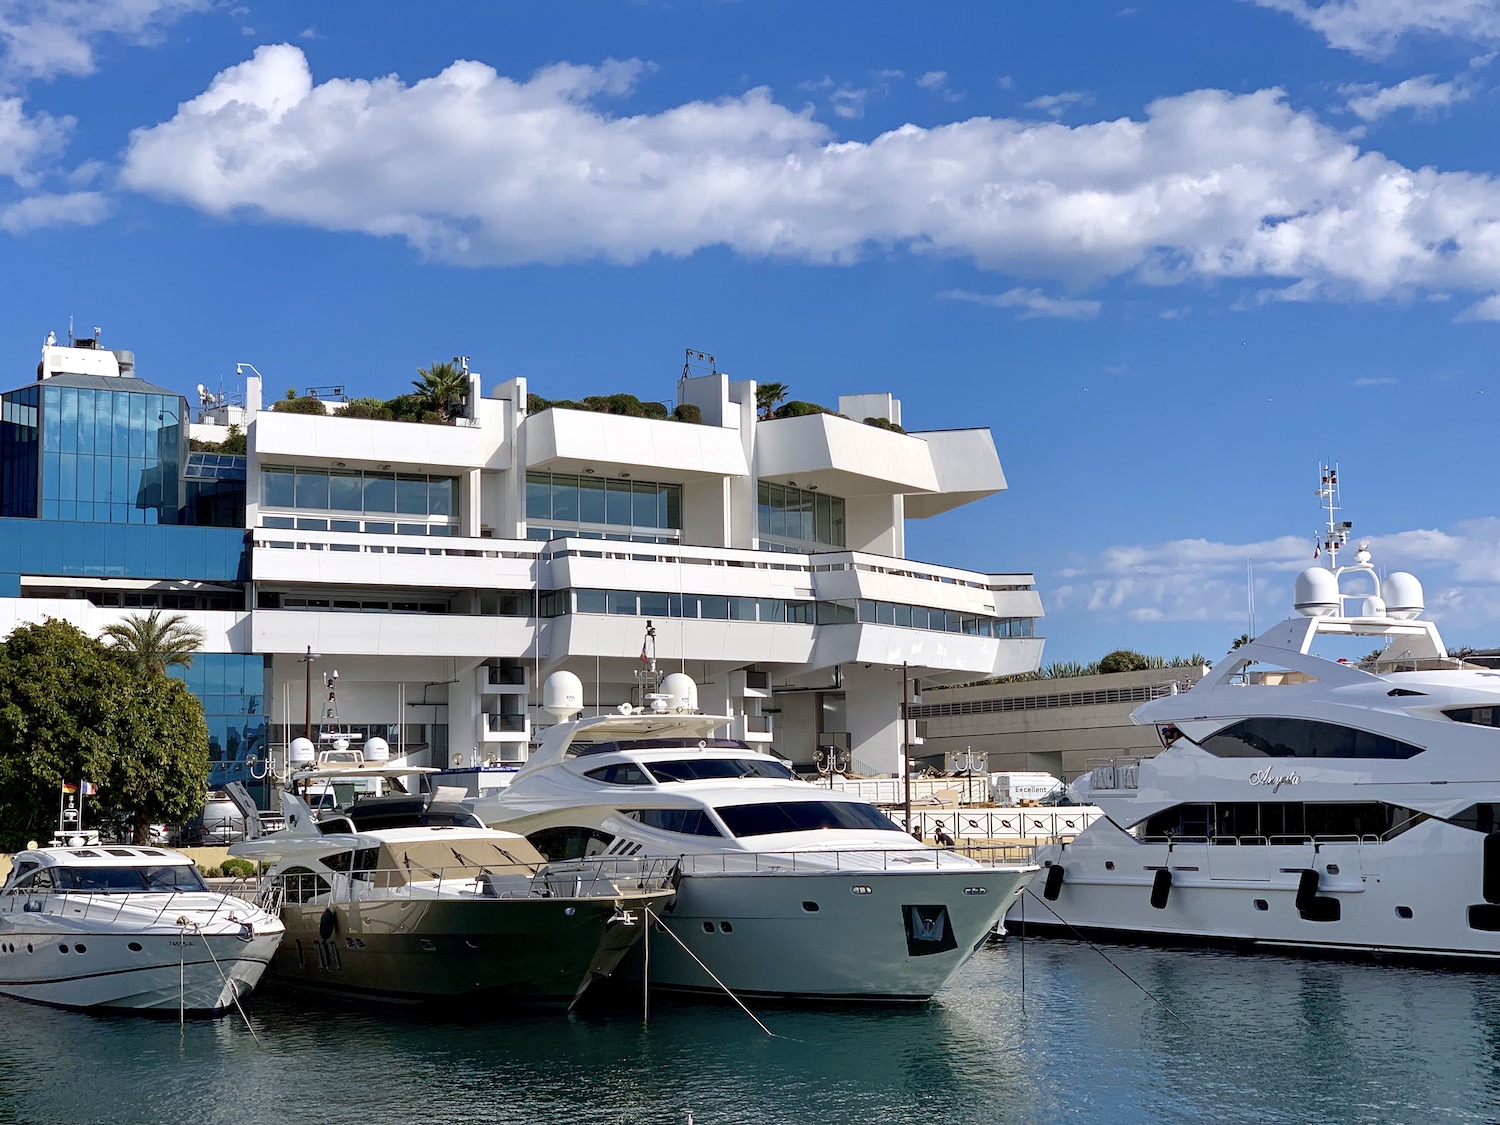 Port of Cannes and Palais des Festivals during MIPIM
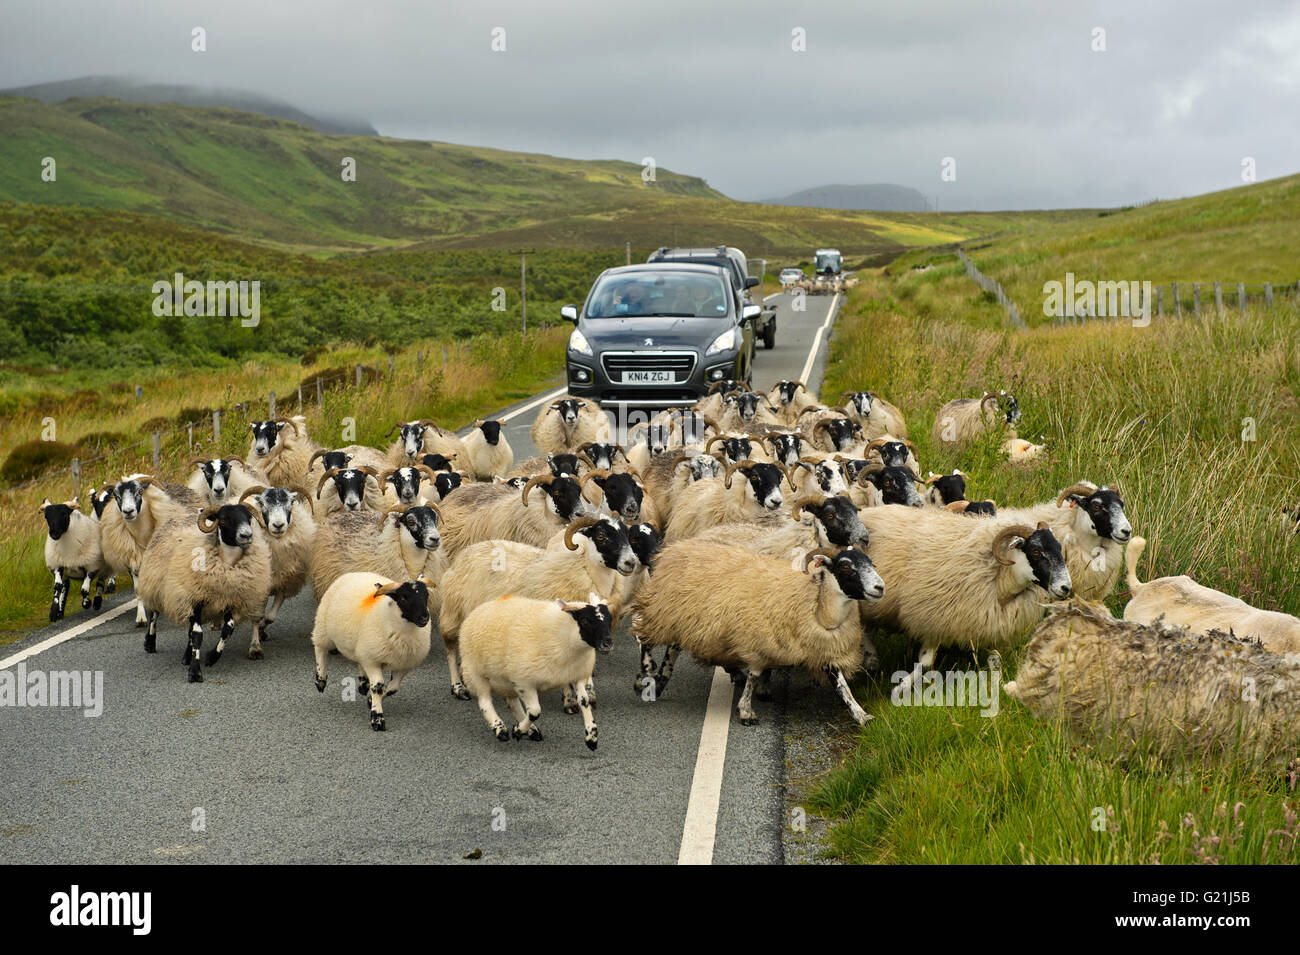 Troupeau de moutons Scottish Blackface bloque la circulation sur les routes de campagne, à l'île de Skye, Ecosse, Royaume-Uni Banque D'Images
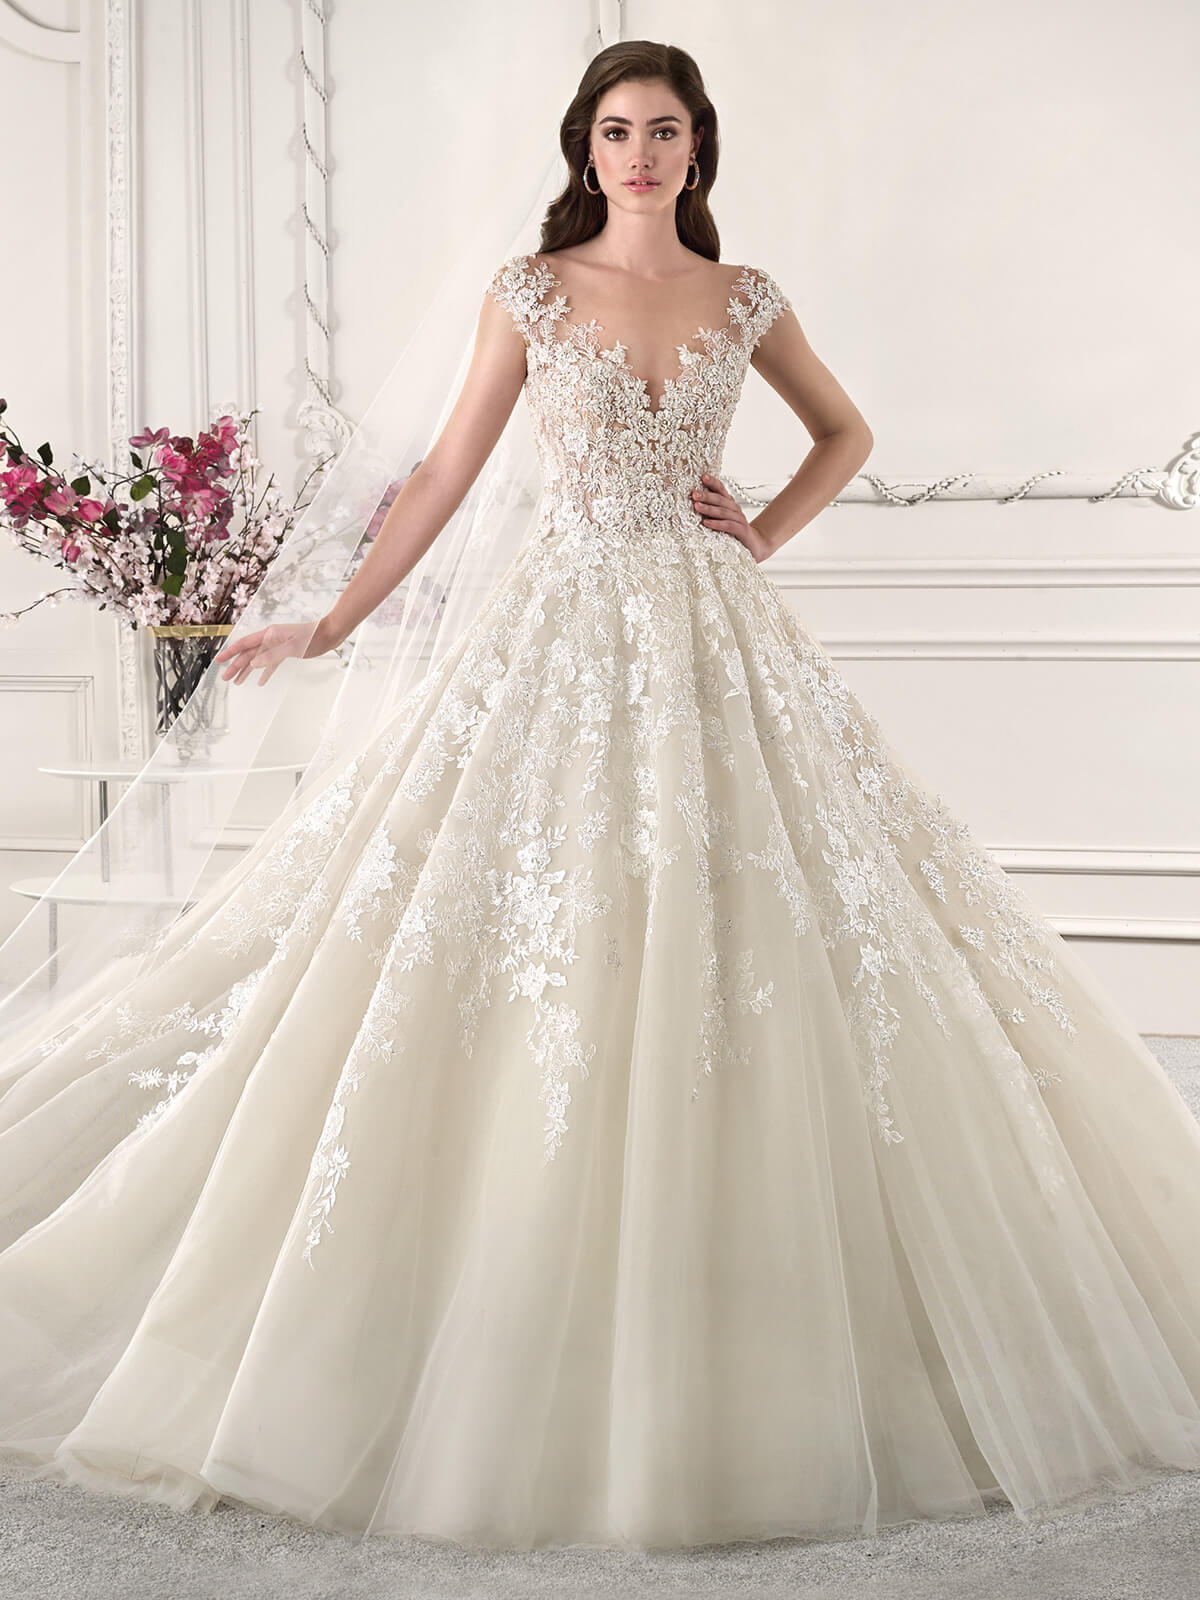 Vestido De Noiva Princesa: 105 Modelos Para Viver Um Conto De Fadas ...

▸ **Work required**
An exact copy of the material above is required, minus its images.

▸ **Response to the exercise**
 Port of Cannes and Palais des Festivals during MIPIM
 Troupeau de moutons Scottish Blackface bloque la circulation sur les routes de campagne, à l'île de Skye, Ecosse, Royaume-Uni Banque D'Images
 Vestido De Noiva Princesa: 105 Modelos Para Viver Um Conto De Fadas ...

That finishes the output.